Even a first “regular” DUI charge in New Hampshire can have serious consequences, like fines of hundreds of dollars. But if the charge is “aggravated” DUI, the penalties can easily become life-changing.
Here are the actions to avoid if you don’t want an aggravated DUI charge, and punishments you may face without a good defense.
What qualifies a DUI as “aggravated”?
The regular blood alcohol limit for most types of New Hampshire drivers is 0.08%. If you’re already driving above the legal limit (and so, DUI), any one of these additional factors can qualify you for an aggravated DUI.
- A blood alcohol twice the limit, or 0.16%, or higher.
- Speeding at 30 mph above the posted speed limit or, for example, 75 mph in a 45-mph zone.
- Trying to get away from the police by accelerating, turning off your headlights, or bailing on your vehicle.
- A passenger who is 15 years old or younger.
- Causing an accident resulting in serious injuries to somebody else.
If these qualify you, you can face Class A misdemeanor charges.
If the other factors qualify you, plus there’s also serious injury to another person, you can face Class B felony charges.
Possible penalties an attorney may help reduce or avoid
The penalties at stake for an aggravated DUI include:
- $750 to $2,000 fine for the Class A misdemeanor.
- $1,000 to $4,000 fine for the Class B felony.

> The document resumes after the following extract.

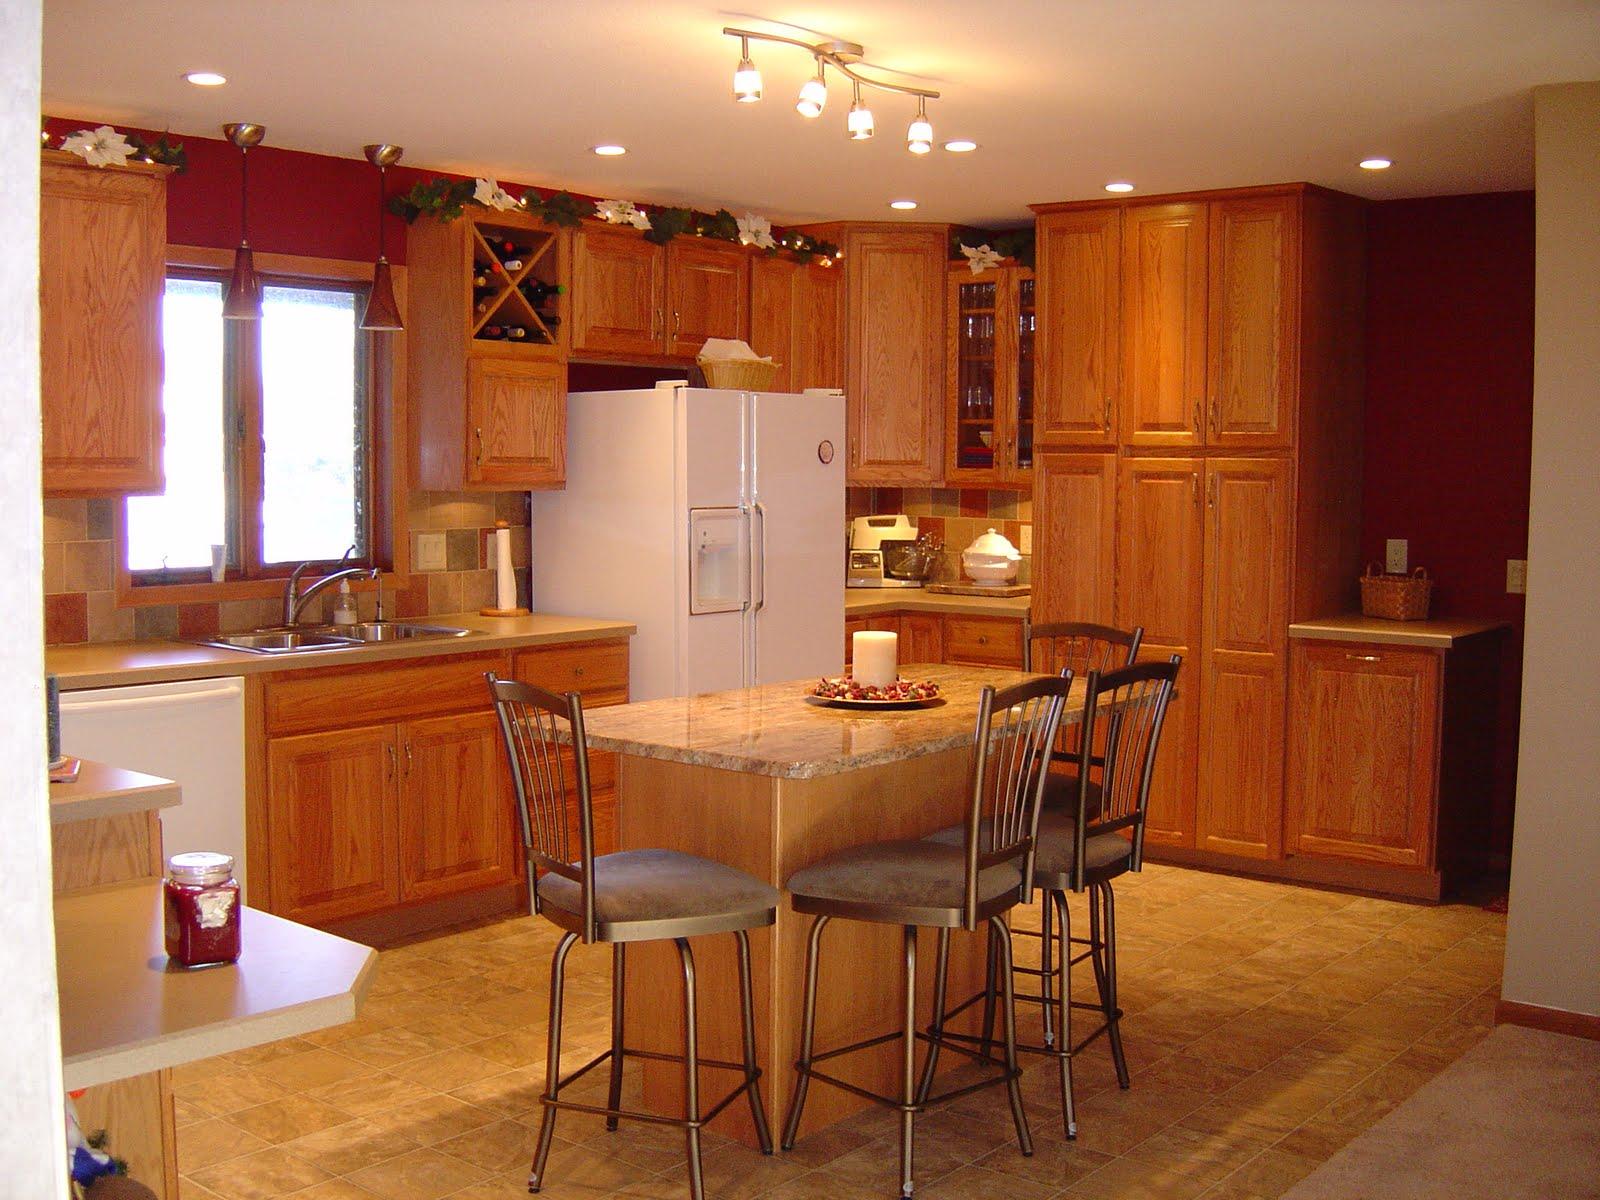 KraftMaid Oak Kitchen Cabinets

- 5 days to one year in jail for the Class A misdemeanor.
- 14 days to 7 years in jail for the Class B felony.
- Suspended driver’s license for 18 to 24 months. (Could be reduced to 12 months with the Impaired Driver Care Management Program, or IDCMP).
Again, all DUI charges can have a bigger impact on people’s lives than many people expect. The expense, jail time, loss of your ability to drive, and job loss or missed opportunities of all kinds can take over a person’s life unexpectedly and gradually, even if they thought a DUI was not a huge problem.
A good attorney will know that nothing is inevitable, and much more can be negotiated or cast in doubt than most people think.